Новые мысли, владевшие умами этих людей, влекли в обратную сторону — к разъединению.

Суровый проповедник укорял их в ненасытстве — они только усмехались в ответ. Голос поэта звал их "вступить в злат стремень за землю Русскую" — а им до того ли? Заглохшее в их сердцах сознание единства Русской земли не угасало в сердцах порабощенного ими народа: народ роптал. Но что им народный ропот, когда сила на их стороне!

Широкий круг, очерченный мечом прежних князей-завоевателей, дробился на множество мелких кругов. Средоточием каждого из таких кругов становился свой богатеющий город со своим князем и со своим боярством на своих богатеющих вотчинах.

В большинстве русских земель господствующая знать успела собрать к этому времени довольно средств, чтобы вместо глухого, тайного сопротивления, какое она оказывала Мономаху, повести открытую вооруженную борьбу за независимость от других волостей и главным образом, разумеется, от Киева.

Таков был внутренний смысл борьбы. Внешним же образом она чаще всего сводилась к попыткам овладеть Киевом. Но чем горячее схватывались из-за него князья, тем ниже падало его распорядительное значение.

К половине столетия итоги переходной поры выяснились уже достаточно отчетливо. Летописец обозначил их четырьмя печальными словами: "Раздрася вся земля Русская".

Когда отдельные части бывшей киевской державы обособились одна от другой, освободившись от киевской опеки, по-новому определились и их силы.

Наиболее истощенными оказались земли, расположенные по Днепру и его притокам.

Окрепла, наоборот, юго-западная окраина Руси — Галицкое и Волынское княжества.

Усилился и Новгород: смещение мировых торговых путей пошло ему впрок.

Третьей, наиболее громко заявившей о себе силой, решившей дальнейшую участь Русского государства, был Ростово-Суздальский край.

II

Здесь почти с самого начала столетия княжил один из младших Мономаховых сыновей — Юрий Владимирович, прозванный Долгоруким.

Жизнь Юрия с первых же лет пошла особенным путем, не похожим на обыкновенный княжеский.

Мономах услал его в Залесье еще малым ребенком. Там и вырос Юрий — вдали от Киева, где все дышало прошлым, в разлуке с отцом, мечтавшим воротить это прошлое, в стороне от родичей-князей с их мудреными обычаями, с их упрямыми предрассудками, унаследованными от того же прошлого. Так и вступил Юрий в зрелые года — сыном своего века и своего края, свободным от ярма старины.

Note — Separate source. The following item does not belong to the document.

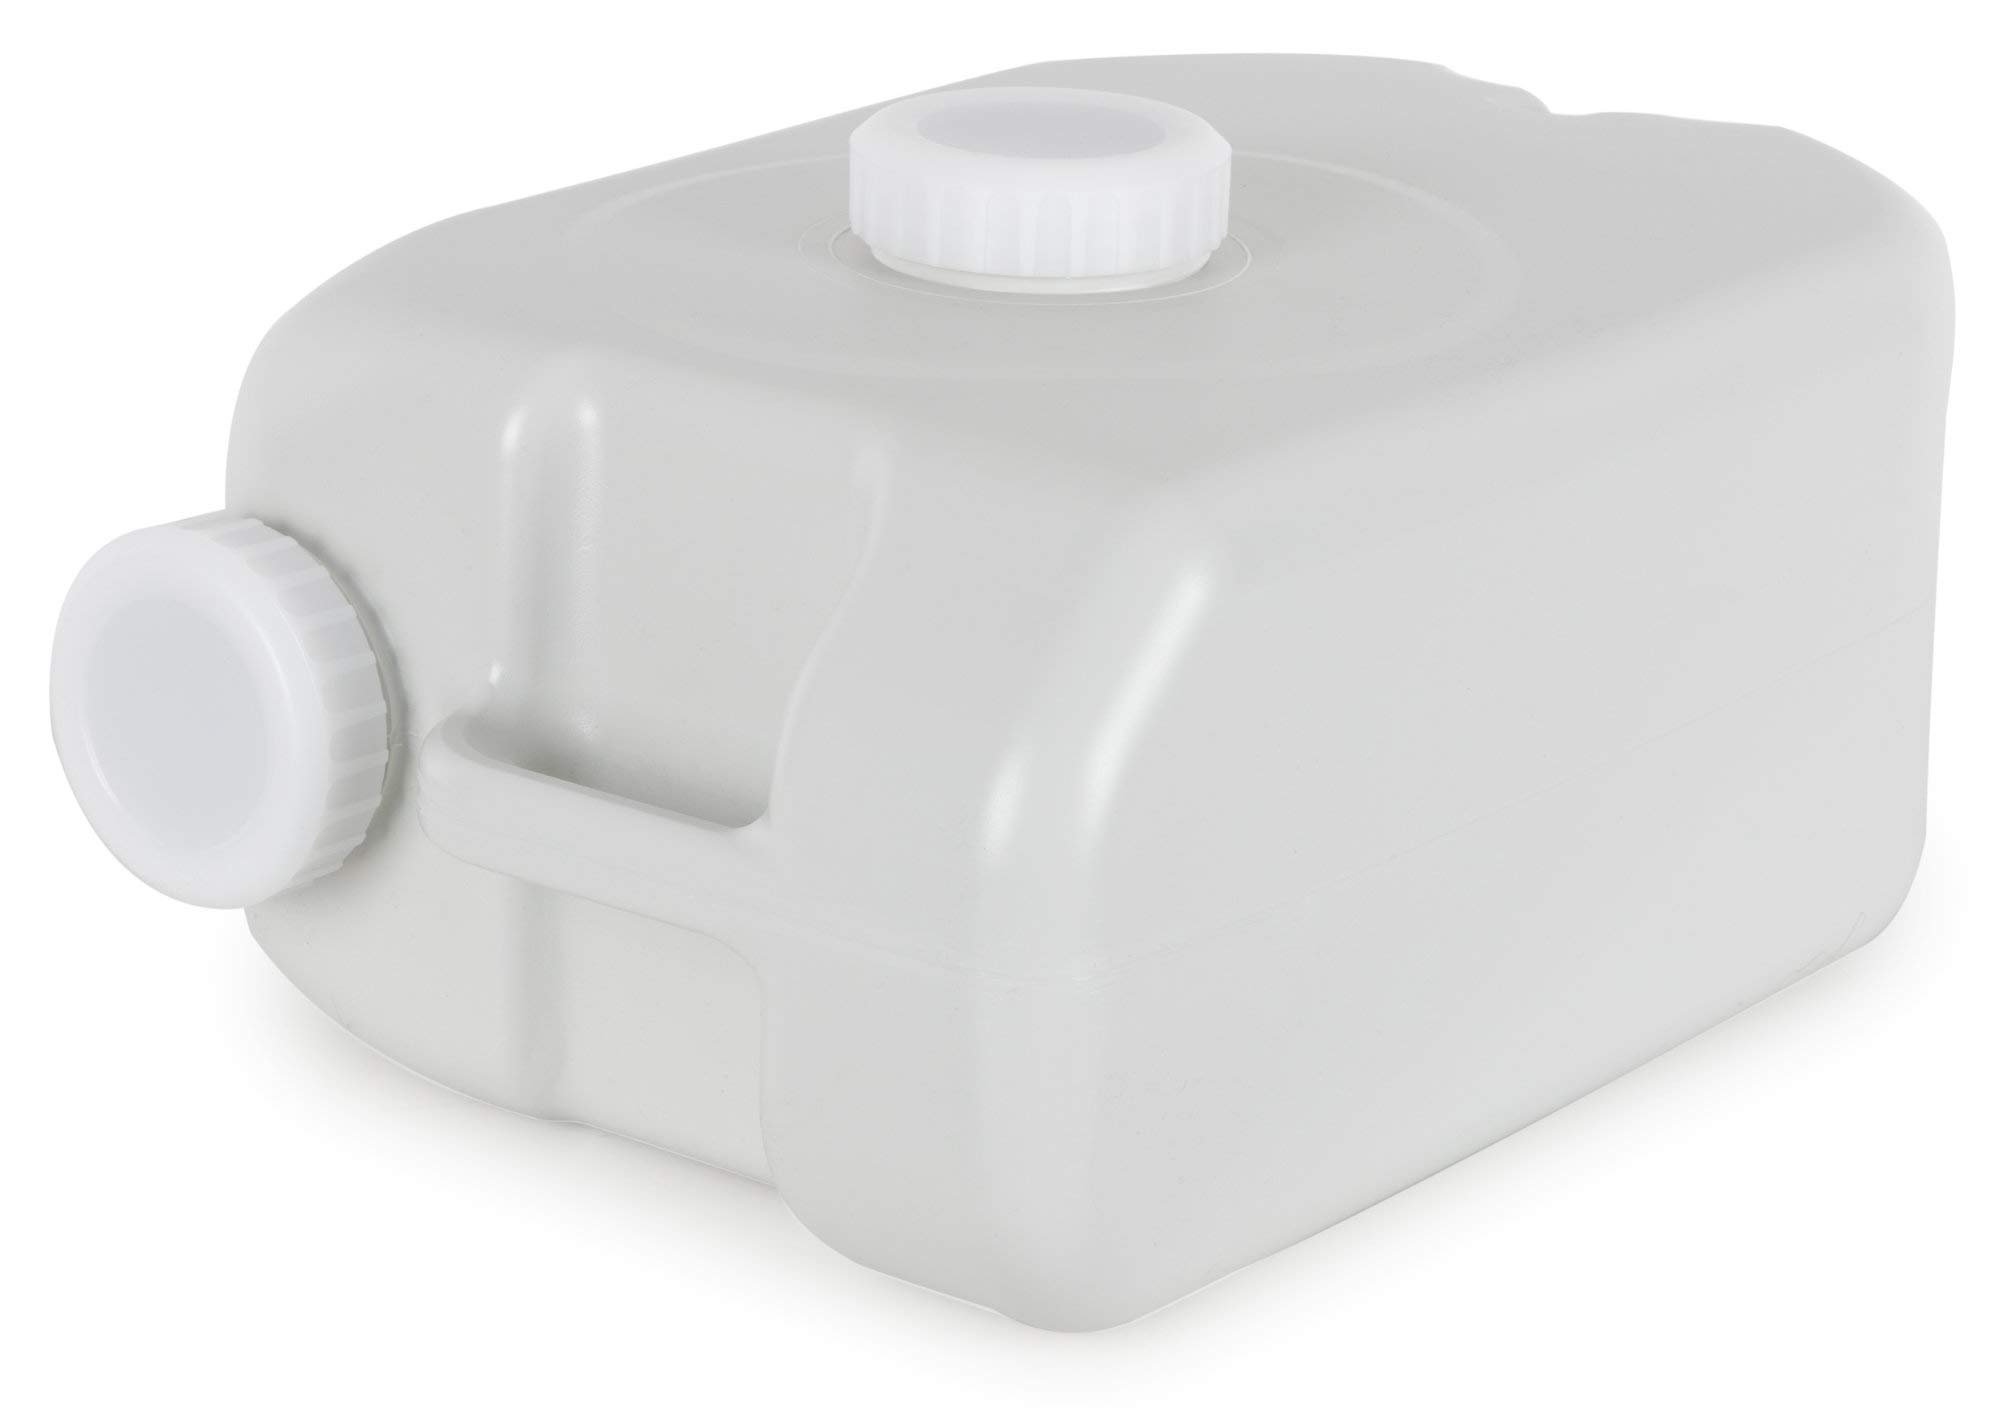 Stagecaptain AWB-24 Quixie Abwasserbehälter - Abwasser-Auffangbehälter für Quixie-Waschbecken - 24 Liter Fassungsvermögen - Aus robustem PE-Kunststoff - Leicht zu entleeren - Grau

Он был первым князем, оседло поселившимся в Залесье: до него князья бывали здесь только наездами.

Доставшаяся Юрию волость издавна общалась с Киевом, с Новгородом, со Смоленском (со Смоленском особенно родственно) и с другими русскими землями. Близкими соседями Ростово-Суздальской области были волжские булгары. Через их посредство ее хорошо знал арабский Восток. Она обменивалась товарами с кавказским Югом. Сюда засылал гостей и европейский Запад. Но при всей широте и живости этих внешних связей внутренняя жизнь складывалась в Залесье иначе, чем на Днепре.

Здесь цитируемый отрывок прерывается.